Multimedia Format for the Linguistic Data

1. Video Data Format

1. MPEG Overview

Moving Pictures Expert Group -- A working group of ISO/IEC in charge of the development of standards for coded representation of digital audio and video. MPEG is not an acronym for any standard. It is the acronym for the group who develops these standards

1. MPEG-1

MPEG-1 is and Audio and video compression format developed by MPEG group back in 1993. The official description is: Coding of moving pictures and associated audio for digital storage media at up to about 1,5 Mbit/s. MPEG-1 is the video format that has had some extremely popular spin-offs and side products, most notably MP3 and VideoCD.

MPEG-1's compression method is based on re-using the existing frame material and using psychological and physical limitations of human senses. MPEG-1 video compression method tries to use previous frame's information in order to reduce the amount of information the current frame requires. Also, the audio encoding uses something that's called psychoacoustics -- basically compression removes the high and low frequencies a normal human ear cannot hear.

The MPEG-1 is a video compression algorithm that is part of the Video CD standard.  MPEG-1 effectively compresses the video picture to about 1/140 of its original size.

2. MPEG-2

At a meeting hosted in New York by Columbia University, the Moving Picture Experts Group (MPEG) completed definition of MPEG-2 Video, MPEG-2 Audio, and MPEG-2 Systems. MPEG therefore confirmed that it is on schedule to produce, by November 1993, Committee Drafts of all three parts of the MPEG-2 Standard, for balloting by its member countries.

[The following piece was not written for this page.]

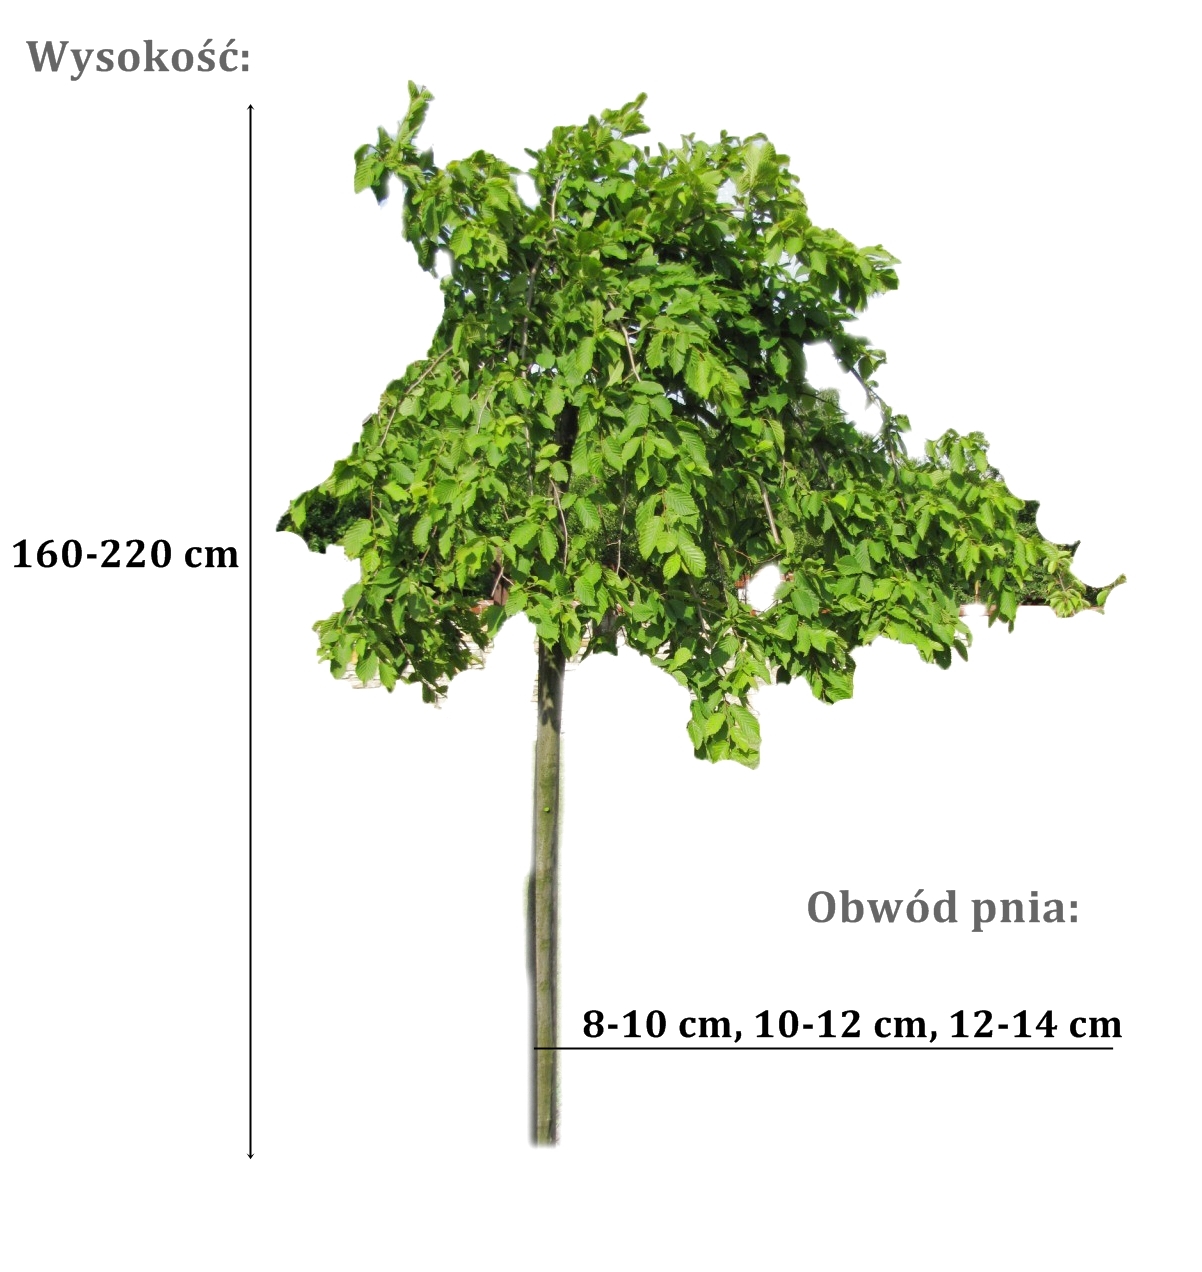 grab pendula - duze sadzonki drzewa o roznych obwodach pnia 
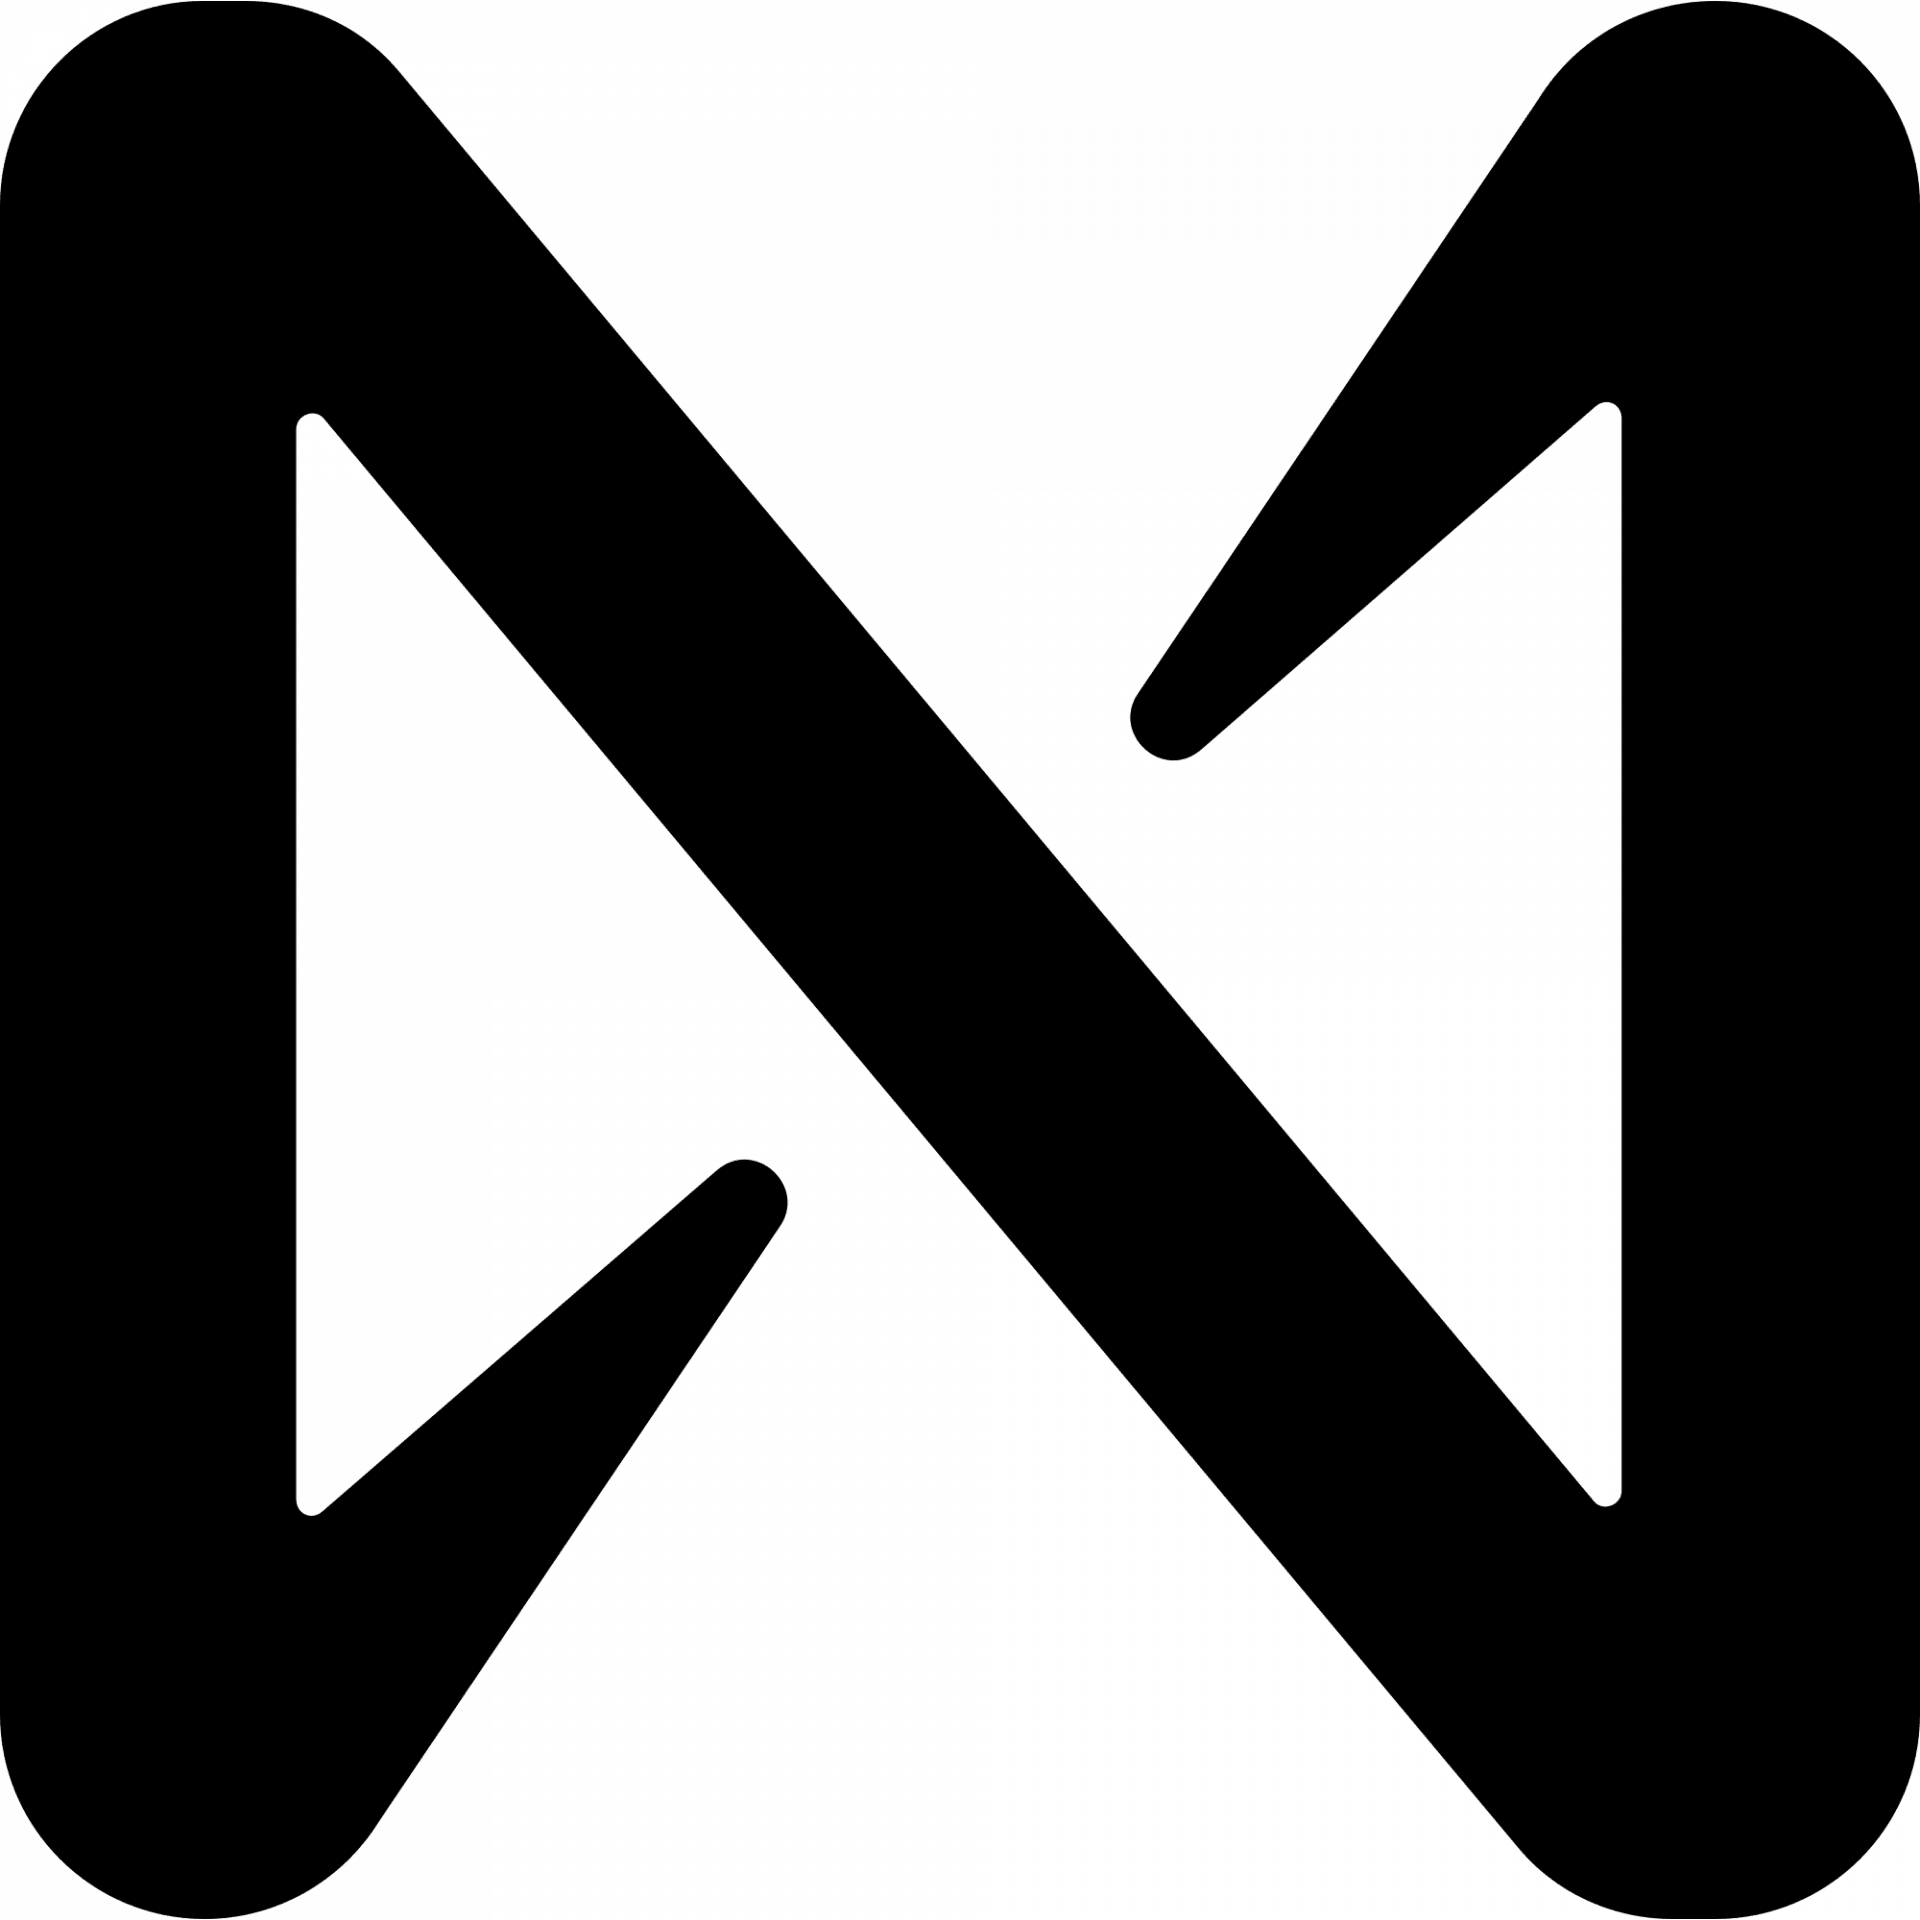 Near Protocol logo

MPEG-2 is not a successor for MPEG-1, but an addition instead -- both of these formats have their own purposes in life; MPEG-1 is meant for medium-bandwidth usage and MPEG-2 is meant for high-bandwidth/broadband usage. Most commonly MPEG-2 is used in digital TVs, DVD-Videos and in SVCDs.

The MPEG-2 is a video compression algorithm that is part of the DVD-Video, Digital Broadcast Satellite, and Digital TV (including HDTV) standard.  The algorithm is developed by the Motion Pictures Experts Group (MPEG).  MPEG-2 effectively compresses the video picture to about 1/40 of its original size.  The picture quality from a MPEG-2 encoded source is superior to that of MPEG-1.

The MPEG-2 concept is similar to MPEG-1, but includes extensions to cover a wider range of applications. The primary application targeted during the MPEG-2 definition process was the all-digital transmission of broadcast TV quality video at coded bitrates between 4 and 9 Mbit/sec.

However, the MPEG-2 syntax has been found to be efficient for other applications such as those at higher bit rates and sample rates (e.g. HDTV). The most significant enhancement over MPEG-1 is the addition of syntax for efficient coding of interlaced video (e.g. 16x8 block size motion compensation, Dual Prime, et al).

3. MPEG-4

MPEG-4 is the latest compression method standardized by MPEG group, designed specially for low-bandwidth (less than 1.5MBit/sec bitrate) video/audio encoding purposes. One of the best-known MPEG-4 encoders is DivX which since version 5 has been fully standard-compliant MPEG-4 encoder. MPEG-4 is designed to deliver DVD (MPEG-2) quality video at lower data rates and smaller file sizes.

4. MPEG-7

MPEG-7 doesn't itself offer any new encoding features and it is not meant for representing audio/video content, unlike its siblings MPEG-1, MPEG-2 and MPEG-4. Instead, it offers metadata information for audio and video files, allowing searching and indexing of a/v data based on the information about the content instead of searching the actual content bitstream.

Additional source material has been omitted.